Anyone else see Denny after the game?

He took the Vikings curse with them. Wow what a choke.

I can't believe Chicago won.


----------



## R y a n (Apr 4, 2005)

Wow talk about a choke! What happened!!!?!!!????

I just got back home and am now only hearing clips from ESPN top ten... when I left it was like 20-0 Cards....

Guess I gotta wait for the complete video highlights..


----------



## DeltaBoy (Mar 4, 2004)

Sweet! Maybe I'll get a few more fancy points... 8)

What did he say?


----------



## R y a n (Apr 4, 2005)

Wow I just saw Denny's press conference after the game! He really tripped out! I feel bad for the guy... he just can't get a break.. His team really deserved that win...

:eyeroll:

Leinert really stepped up on MNF with that performance! He deserves some major kudos for performing under pressure against one of the great NFL defenses this year.

Dennis said "The BEARS ARE WHO WE THOUGHT THEY WERE DAMMIT..THAT'S WHY WE TOOK THE FIELD! IF YOU WANT TO CROWN THEM.. WELL THEN CROWN THEIR AZZ!BUT THEY ARE WHO WE THOUGHT THEY WERE AND WE LET THEM OFF THE HOOK! " etc etc etc ad nauseum

Lol it was pretty darn entertaining but I'd be as pO'd as him after losing like that...

Ryan


----------



## MrSafety (Feb 22, 2005)

They're thinking Denny won't last the season down there.

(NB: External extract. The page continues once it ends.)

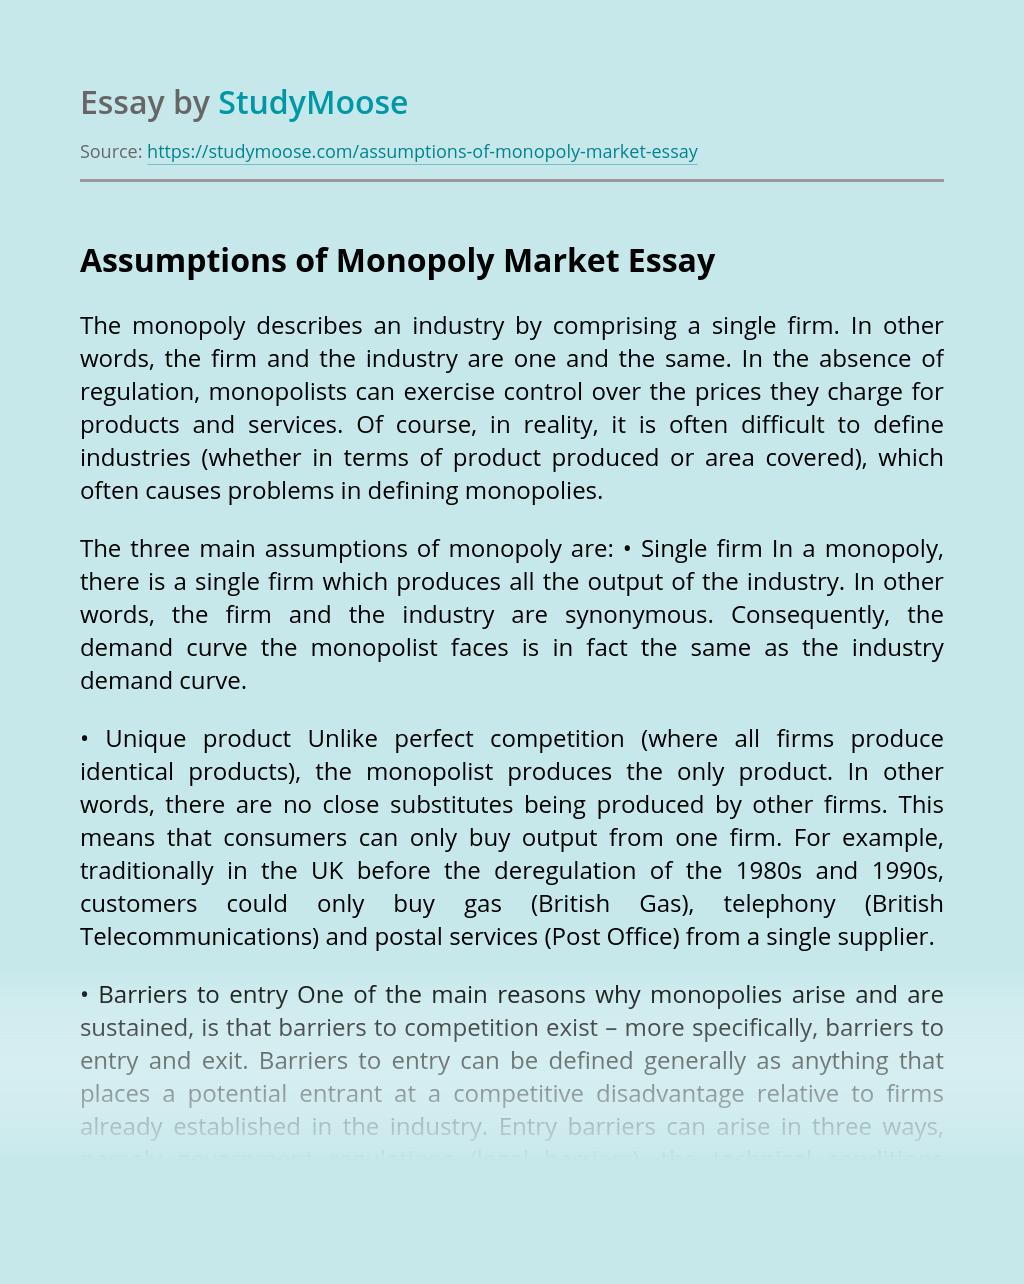 Assumptions of Monopoly Market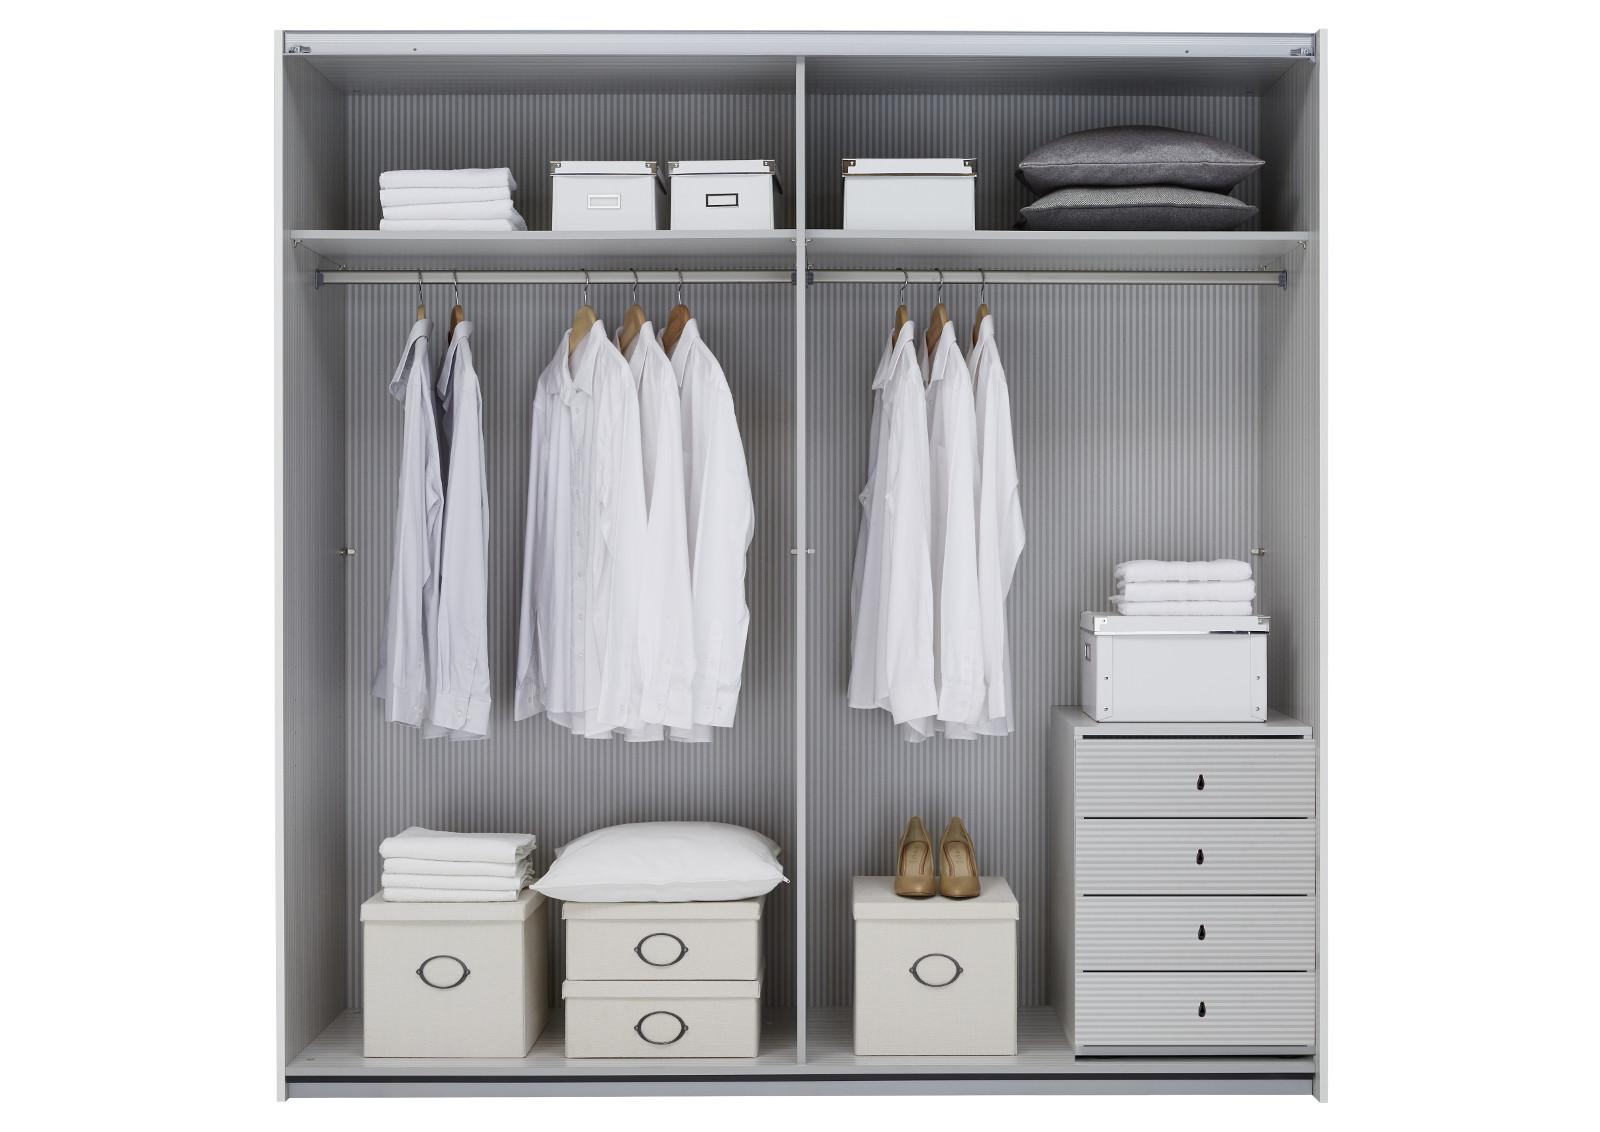 schwebet renschrank wei spiegel quadratisch. Black Bedroom Furniture Sets. Home Design Ideas

KQRS played a bit from 9 years ago this morning when he went off the deep end too...............Maybe the Cardinals will wise up faster than the Vikes did and dump the guy.........sure, he could win during the regular season, but do I need to remind anyone of the 41-0 loss to the Giants????


----------



## SODSUCKER (Mar 24, 2005)

Denny always was pretty good at finding a way to lose a game. I think he perfected it when he coached the Vikings.


----------



## Bore.224 (Mar 23, 2005)

That will be the End of Green no excuse for that! That game hurt so much I felt it way over here in New England.


----------